Este proyecto personal incluye como elemento de análisis y obra en sí misma, la experiencia de una artista Peter Pan nacida en Cuba que alcanzo nivel universal como Ana Mendieta. El gran legado trascendente y antropológico de su obra, y la escueta huella que su país (el nuestro) contiene de su historia, es parte de la exposición.

Todas las obras que integran esta curaduría exhuman elementos informativos sin intereses acusatorios. Es demasiado doloroso. Su enfoque intenta (y lo logra), con la riqueza de una factura plástica infalible y materiales diversos, demostrar la apoyatura conceptual de su tesis de creación. En total complementación con imágenes de archivo y documentos históricos reales todos provenientes del dominio público.
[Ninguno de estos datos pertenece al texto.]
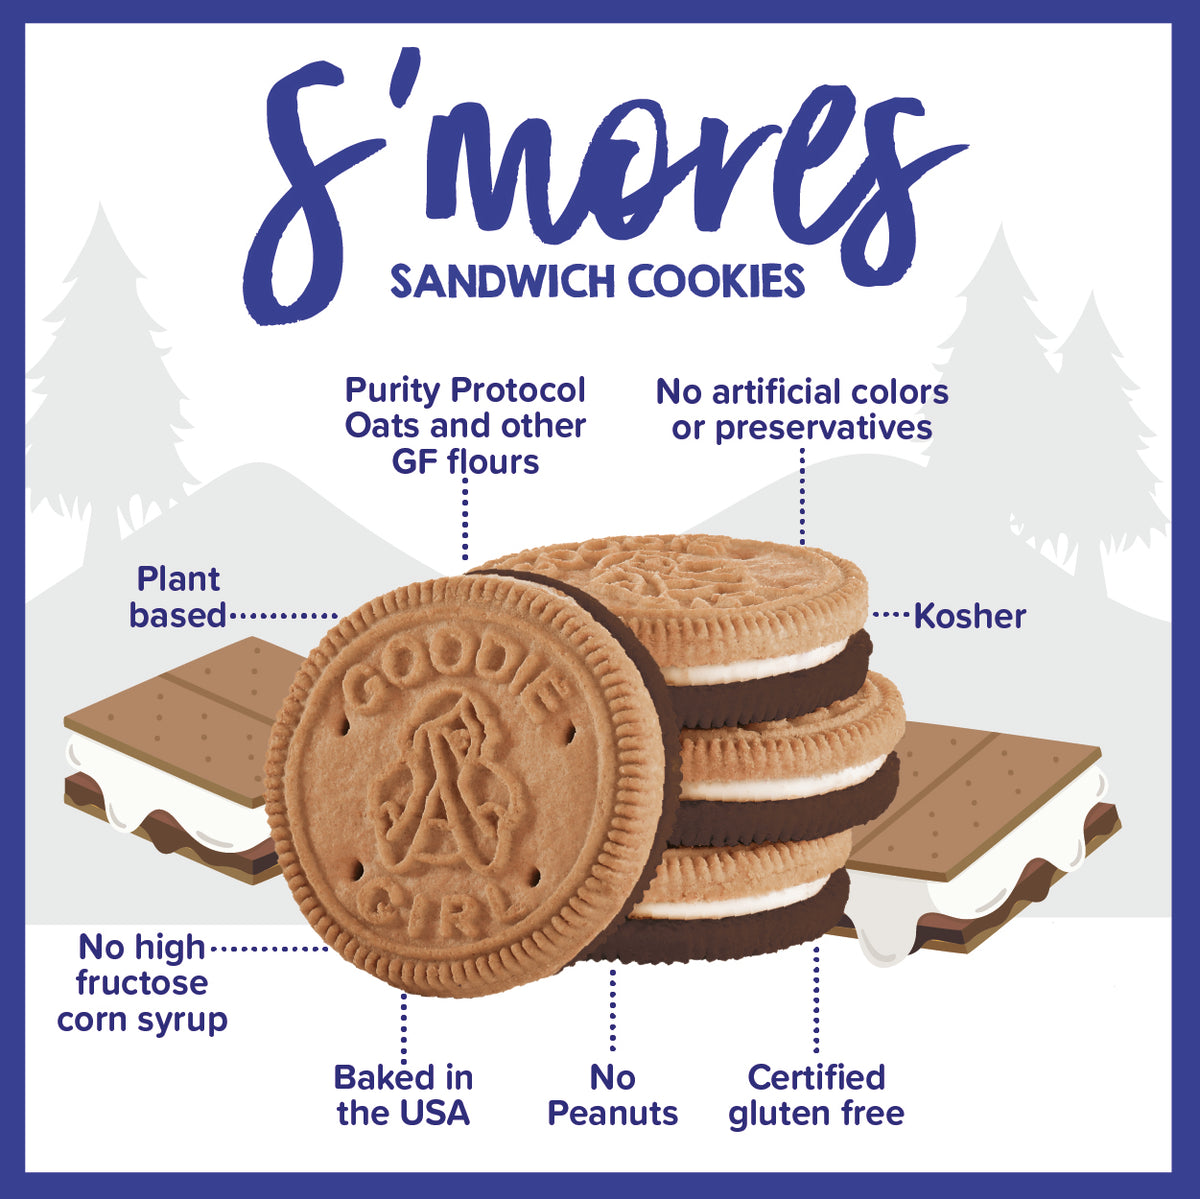 S’mores Sandwich Cookies

No es función del arte responder interrogantes, pero si tiene, cual mágica herramienta, la exquisita posibilidad de abrirlas ante todo aquel fenómeno escabroso, inconcluso o cuestionable que la vida aguijó en la historia humana, política y social. Es por eso que La Tierra del Nunca Jamás si existe, pero no es juez ni parte del fenómeno histórico que desmiembra. A estas alturas no es sano expiar culpas, ni juzgar de qué lado del Estrecho encontraremos el bien y el mal; es necesario un punto de encuentro potenciado por el valor artístico-histórico en cada obra. Incluyente para revertir los enfoques engañosos es este evento. Desde el papel que jugó la Iglesia en estos hechos, los padres que fueron protagonistas, y los más sufridos y marcados: los niños separados de sus padres, sus raíces y de todo lo que era su mundo y conocían. El desarraigo que trajo consigo ese cambio destemplado de idioma y cultura natal, la perdida de olores y colores (…) y los dolores ganados en el imaginario personal y cotidiano de sus protagonistas; le permiten a esta propuesta un uso y desuso de lenguaje como elemento de marcación en toda su amplitud. Es por ello que Neverland, Lesson of Cat for Here y Motherland, hacen del dialecto del arte, su uso intertextual y el cuestionamiento histórico, un punto remarcable de la búsqueda por La Tierra del Nunca Jamás.